Exercise instructions:
Copy out the data exactly as it appears, without a single image.

Collected data:
- - -

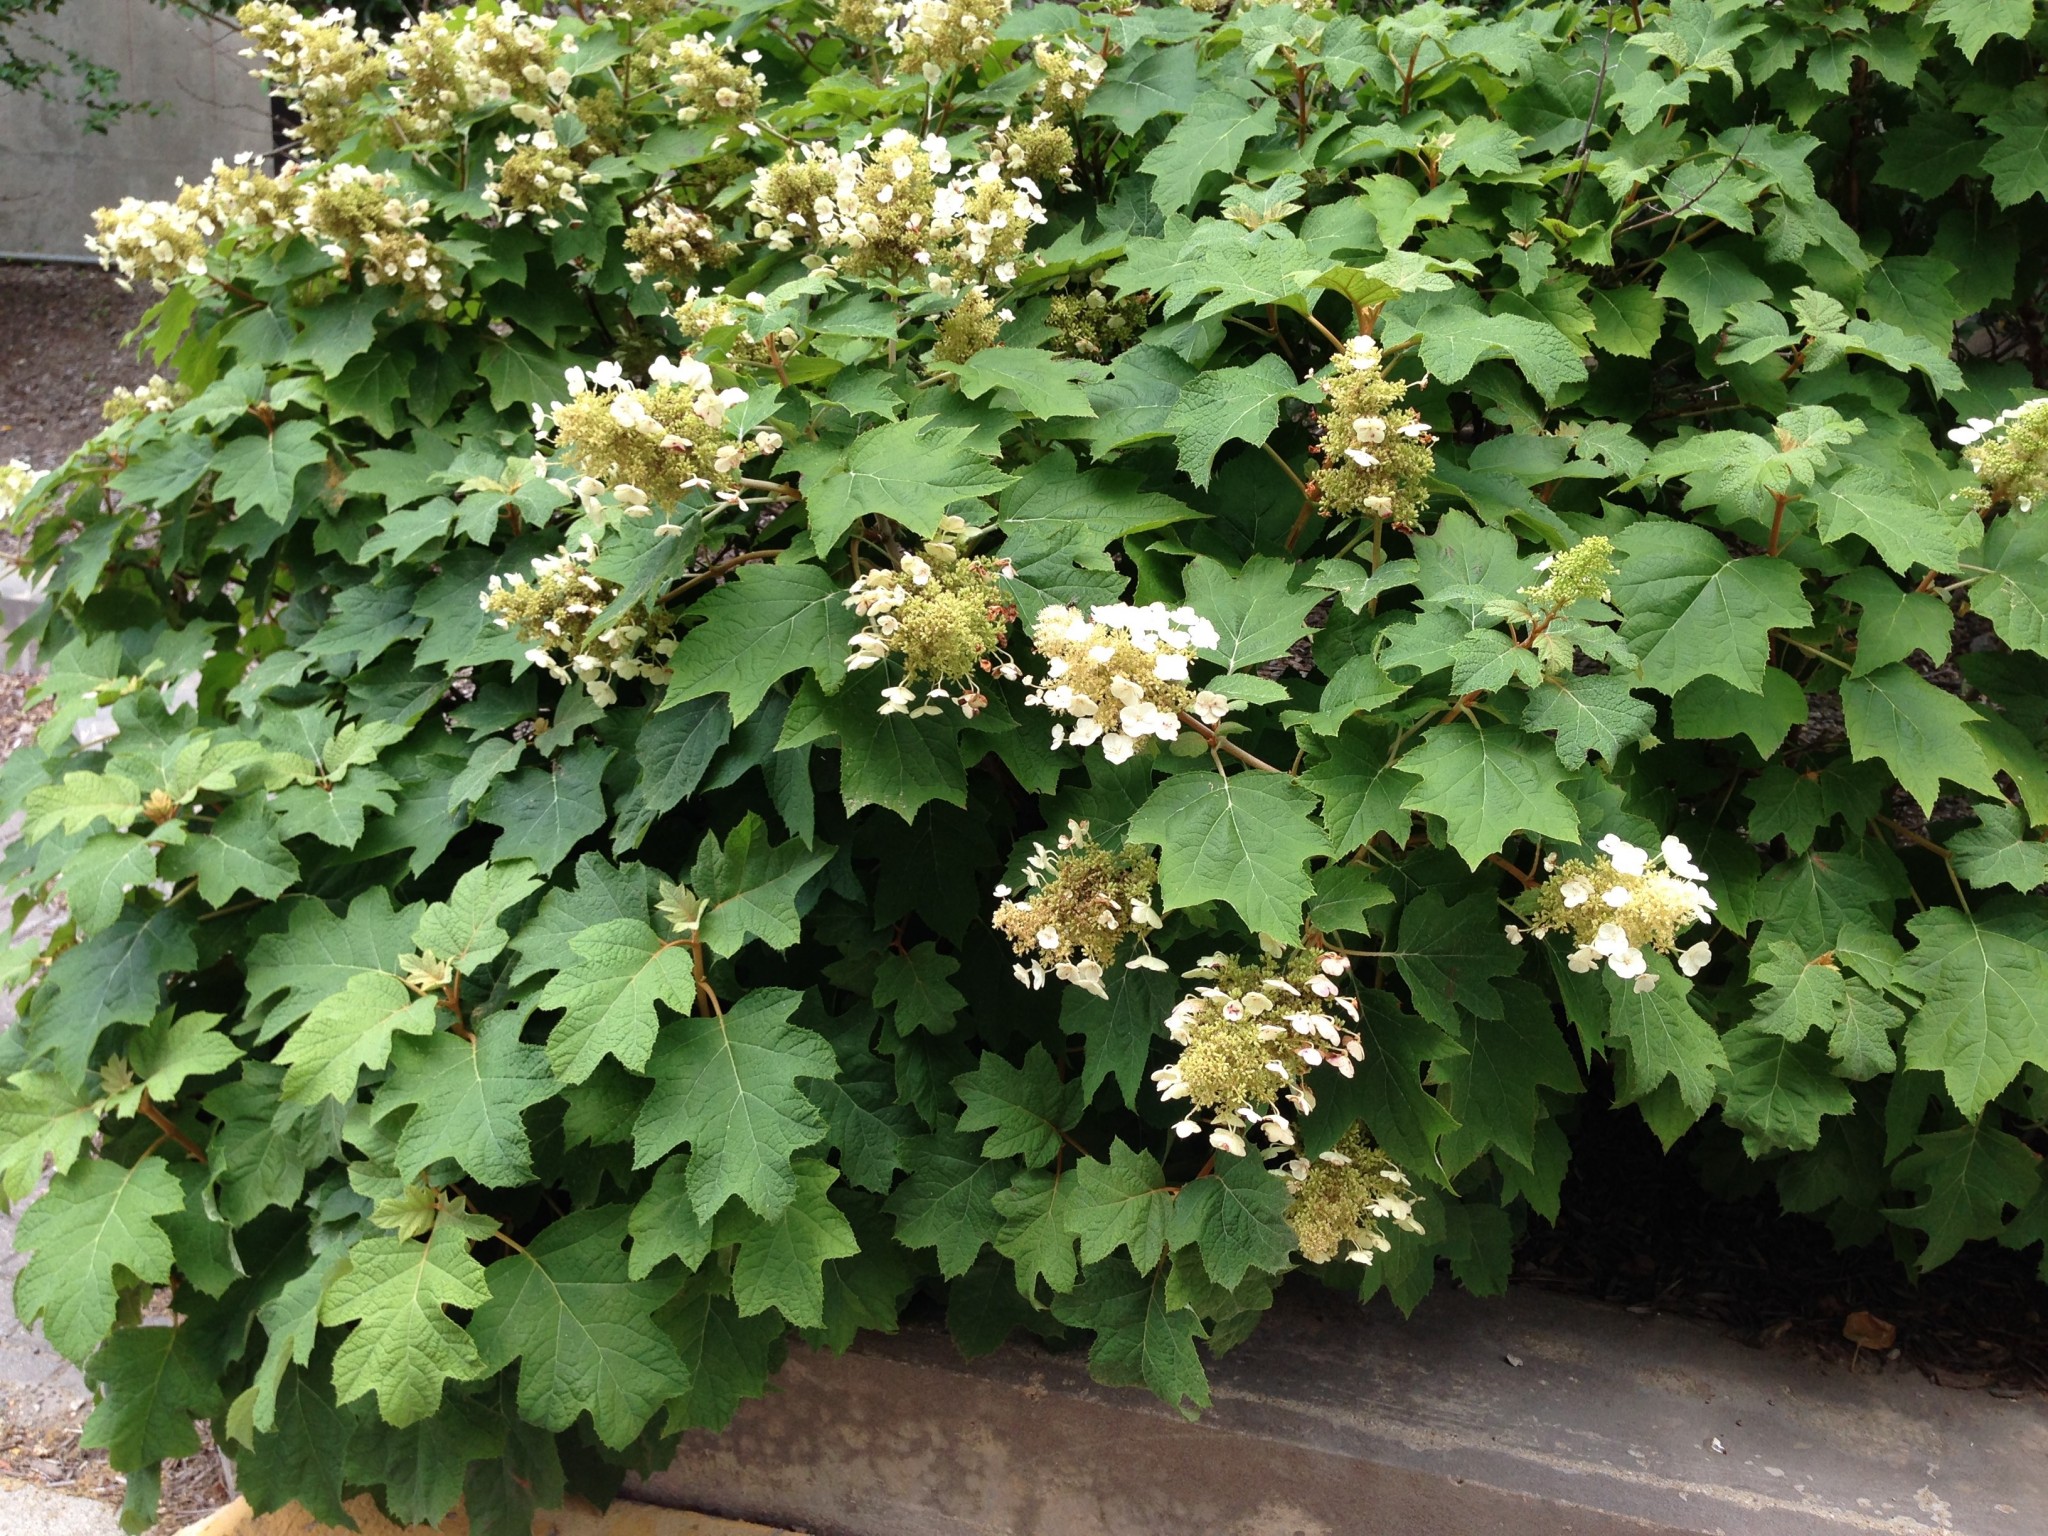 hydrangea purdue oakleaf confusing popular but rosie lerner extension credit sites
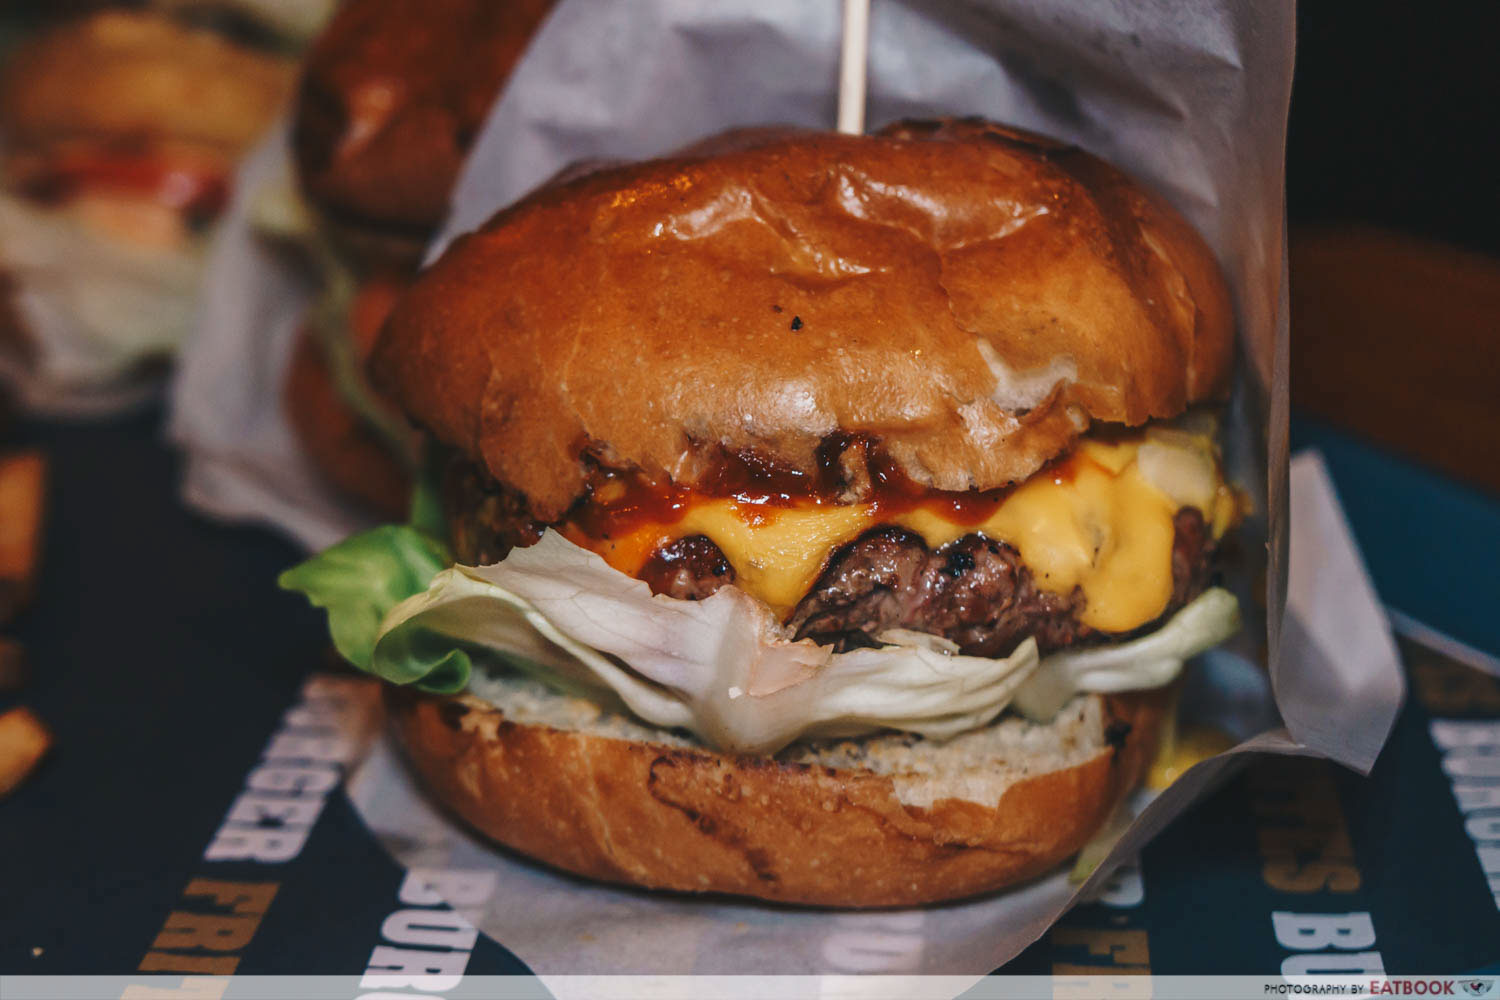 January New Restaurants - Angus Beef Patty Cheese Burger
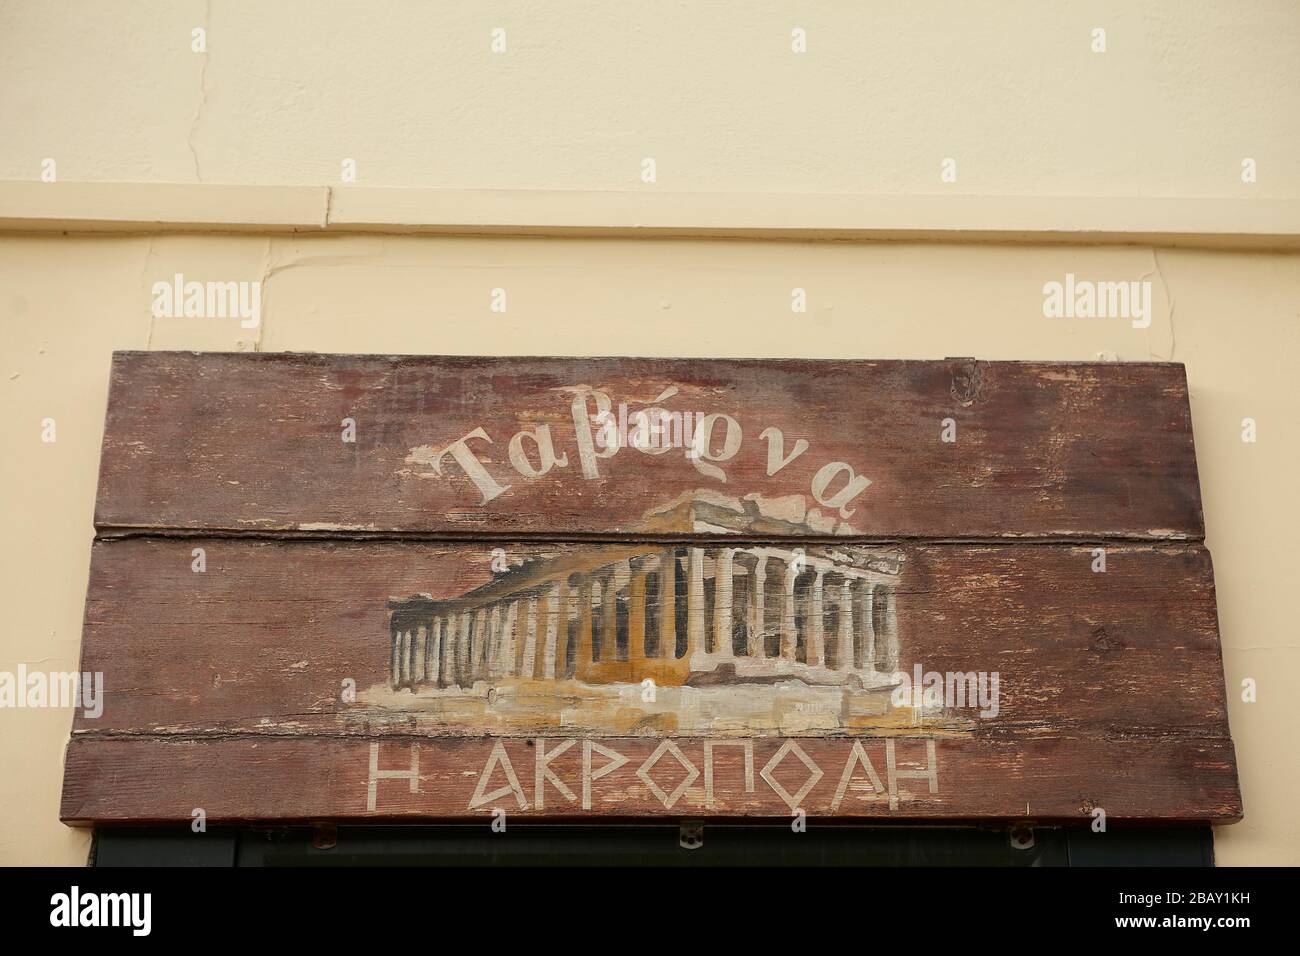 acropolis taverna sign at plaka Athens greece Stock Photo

- - -

Exercise solution:
 hydrangea purdue oakleaf confusing popular but rosie lerner extension credit sites
 January New Restaurants - Angus Beef Patty Cheese Burger
 acropolis taverna sign at plaka Athens greece Stock Photo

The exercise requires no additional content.